▸ The records:
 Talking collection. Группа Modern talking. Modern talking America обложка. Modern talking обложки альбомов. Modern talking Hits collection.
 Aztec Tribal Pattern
---
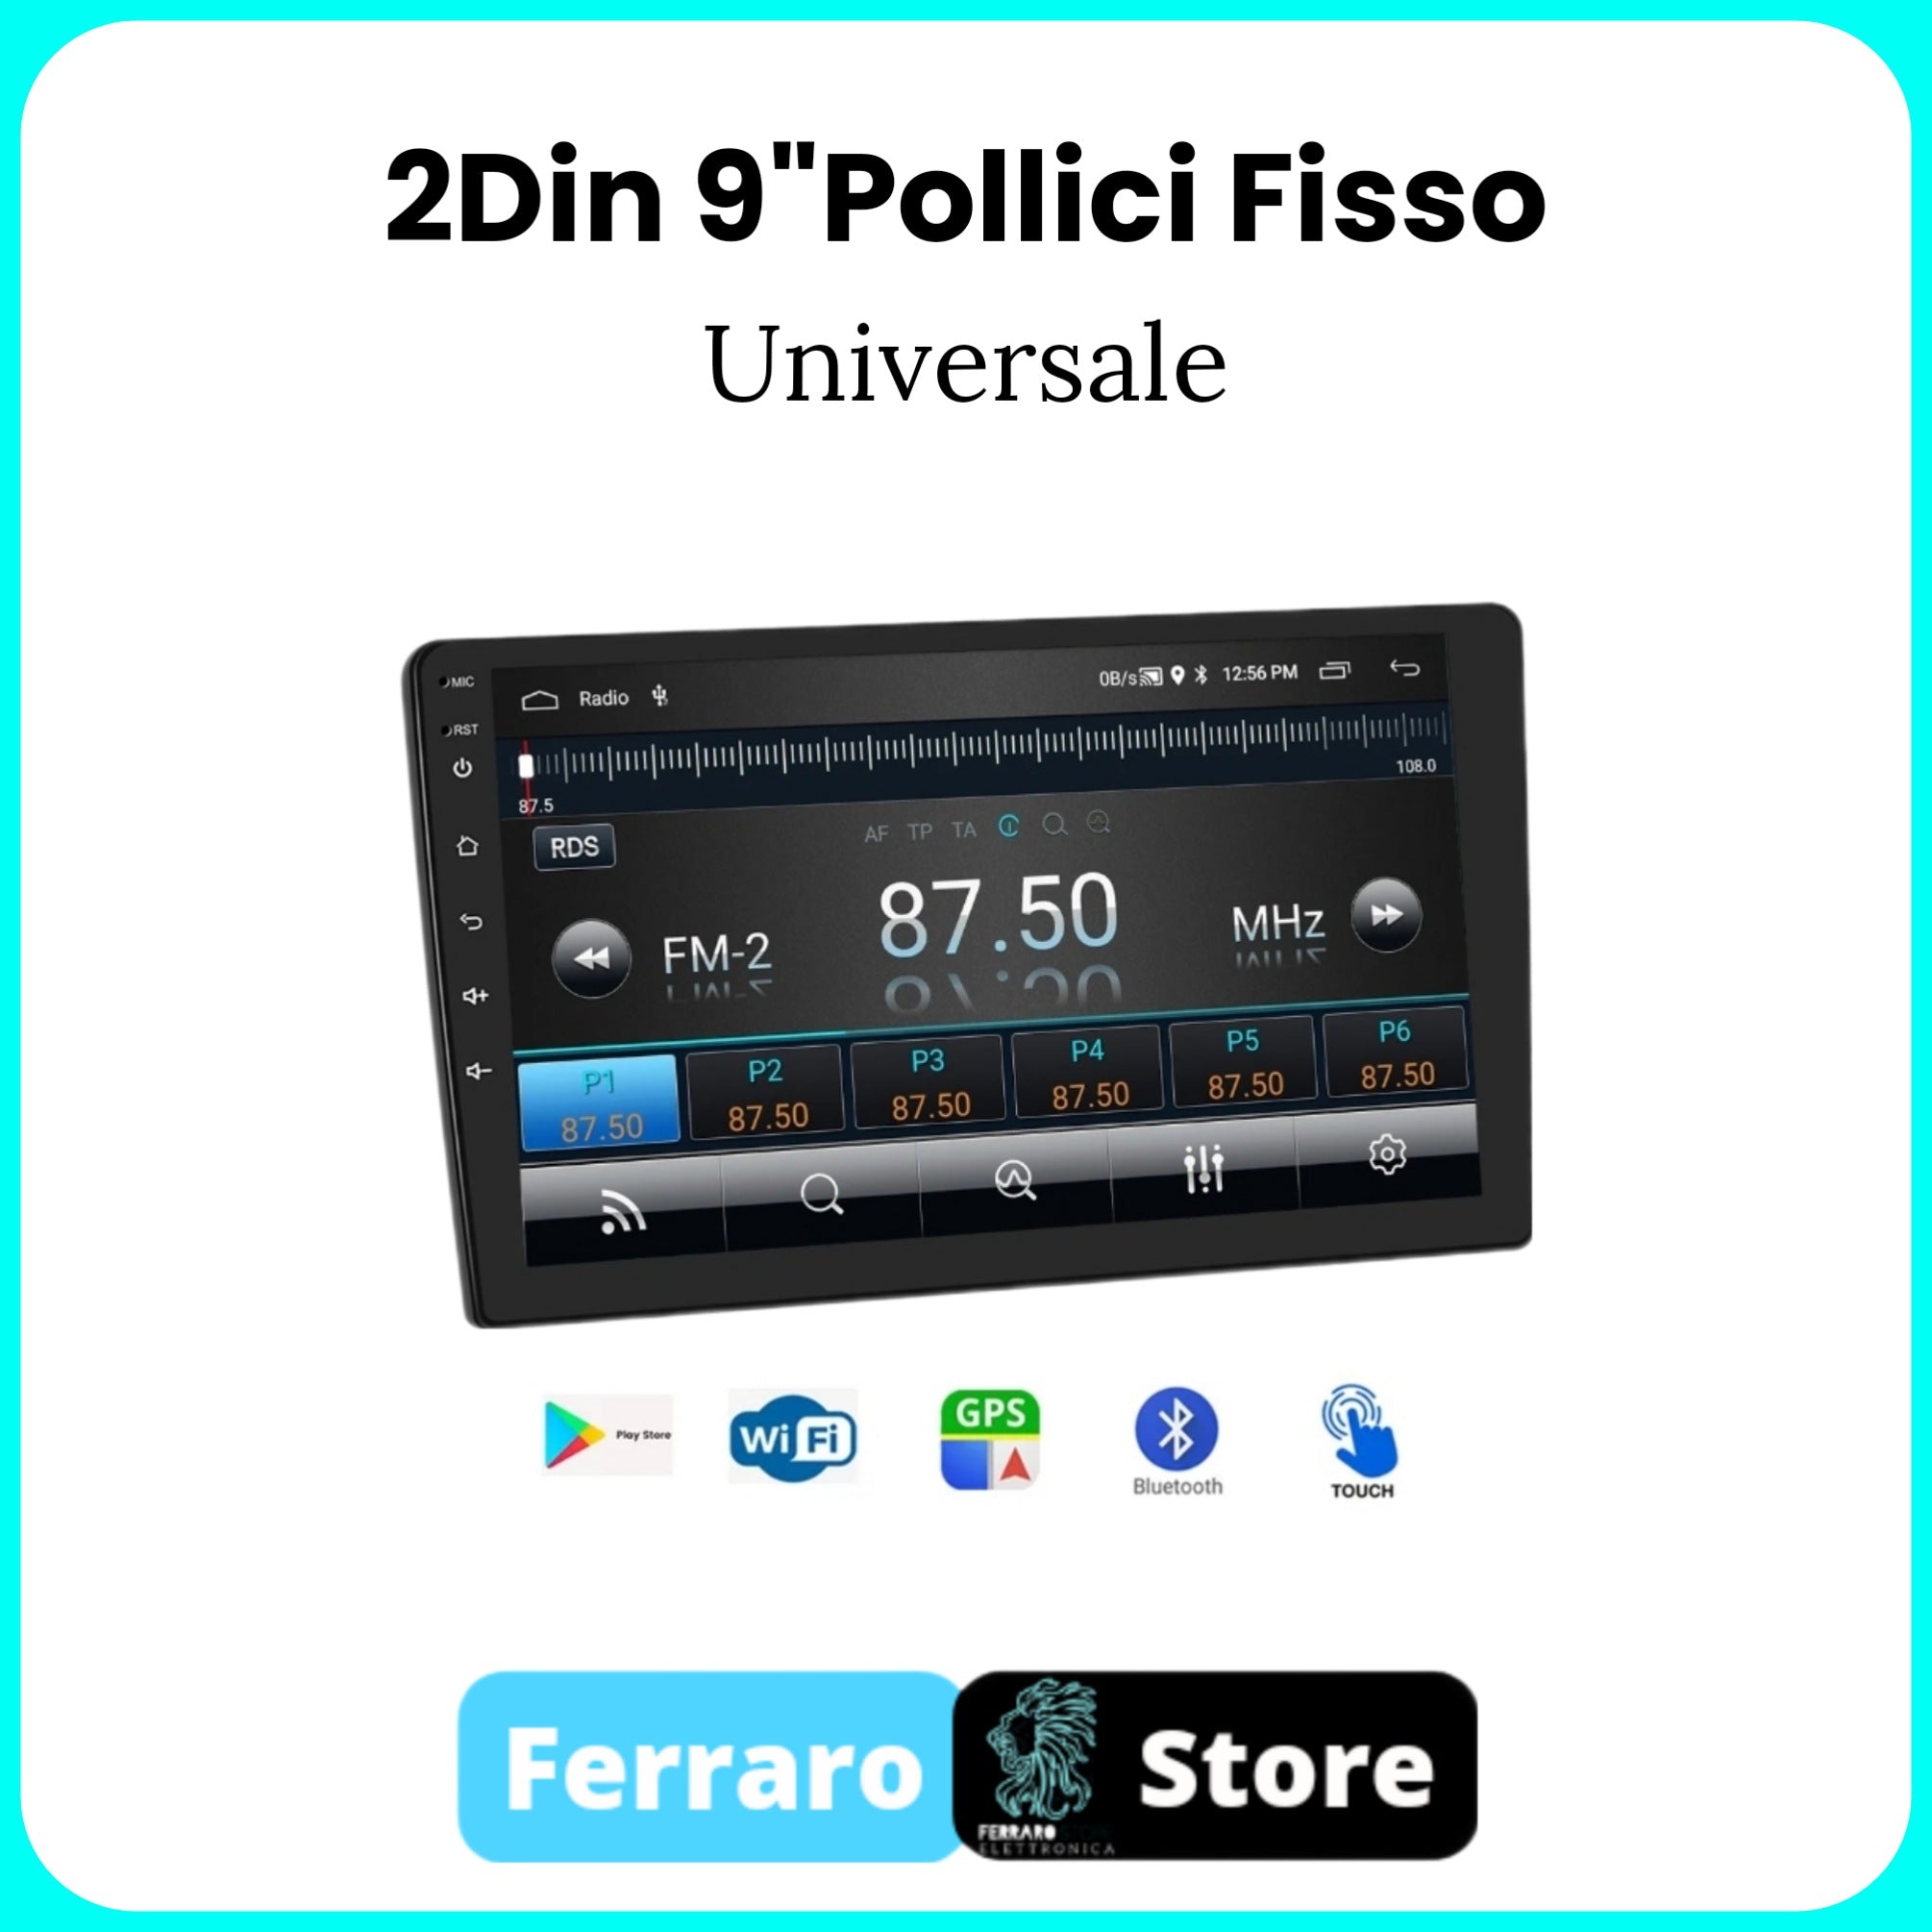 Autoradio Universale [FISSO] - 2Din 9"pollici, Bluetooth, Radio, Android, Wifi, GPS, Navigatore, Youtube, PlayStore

▸ Task requirements:
When you reach the line holding "Talking collection. Группа" in the records above, begin reproducing exactly, stop after the line holding "Aztec Tribal Pattern", and output nothing else.

▸ Exercise output:
 Talking collection. Группа Modern talking. Modern talking America обложка. Modern talking обложки альбомов. Modern talking Hits collection.
 Aztec Tribal Pattern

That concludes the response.